------ Records
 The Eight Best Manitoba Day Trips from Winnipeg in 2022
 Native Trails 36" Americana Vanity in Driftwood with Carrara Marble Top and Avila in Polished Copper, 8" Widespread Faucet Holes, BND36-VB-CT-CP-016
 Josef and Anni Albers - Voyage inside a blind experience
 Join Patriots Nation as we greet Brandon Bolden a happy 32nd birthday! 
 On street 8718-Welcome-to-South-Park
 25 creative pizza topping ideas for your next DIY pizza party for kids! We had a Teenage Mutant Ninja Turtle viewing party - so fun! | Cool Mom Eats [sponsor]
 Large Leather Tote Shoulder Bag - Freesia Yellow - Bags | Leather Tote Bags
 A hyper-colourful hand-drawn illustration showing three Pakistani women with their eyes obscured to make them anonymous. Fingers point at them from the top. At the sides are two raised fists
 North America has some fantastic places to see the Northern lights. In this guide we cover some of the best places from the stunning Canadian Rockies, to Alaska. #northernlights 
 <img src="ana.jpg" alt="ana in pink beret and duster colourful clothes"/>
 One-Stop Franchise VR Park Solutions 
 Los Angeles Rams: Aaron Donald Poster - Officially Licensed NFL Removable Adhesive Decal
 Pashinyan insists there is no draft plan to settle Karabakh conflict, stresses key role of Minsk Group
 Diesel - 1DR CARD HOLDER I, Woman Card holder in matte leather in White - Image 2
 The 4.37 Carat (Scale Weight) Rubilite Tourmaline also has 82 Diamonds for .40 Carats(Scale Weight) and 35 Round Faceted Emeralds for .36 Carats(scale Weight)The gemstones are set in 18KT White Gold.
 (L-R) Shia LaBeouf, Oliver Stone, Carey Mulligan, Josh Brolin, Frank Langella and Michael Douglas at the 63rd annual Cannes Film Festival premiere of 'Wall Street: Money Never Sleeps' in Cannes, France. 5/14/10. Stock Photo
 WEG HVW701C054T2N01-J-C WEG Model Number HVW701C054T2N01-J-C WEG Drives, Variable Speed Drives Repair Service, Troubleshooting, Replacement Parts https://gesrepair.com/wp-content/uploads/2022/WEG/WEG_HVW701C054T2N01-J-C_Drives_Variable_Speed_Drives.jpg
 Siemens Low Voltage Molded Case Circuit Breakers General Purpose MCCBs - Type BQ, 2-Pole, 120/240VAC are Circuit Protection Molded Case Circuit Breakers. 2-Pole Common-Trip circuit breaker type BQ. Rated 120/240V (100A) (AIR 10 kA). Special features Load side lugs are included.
------------
Transcribe the records above exactly, beginning at the line that contains "Faucet Holes, BND36-VB-CT-CP-016" and ending with the line that contains "On street 8718-Welcome-to-South-Park", both included, and nothing else.

 Native Trails 36" Americana Vanity in Driftwood with Carrara Marble Top and Avila in Polished Copper, 8" Widespread Faucet Holes, BND36-VB-CT-CP-016
 Josef and Anni Albers - Voyage inside a blind experience
 Join Patriots Nation as we greet Brandon Bolden a happy 32nd birthday! 
 On street 8718-Welcome-to-South-Park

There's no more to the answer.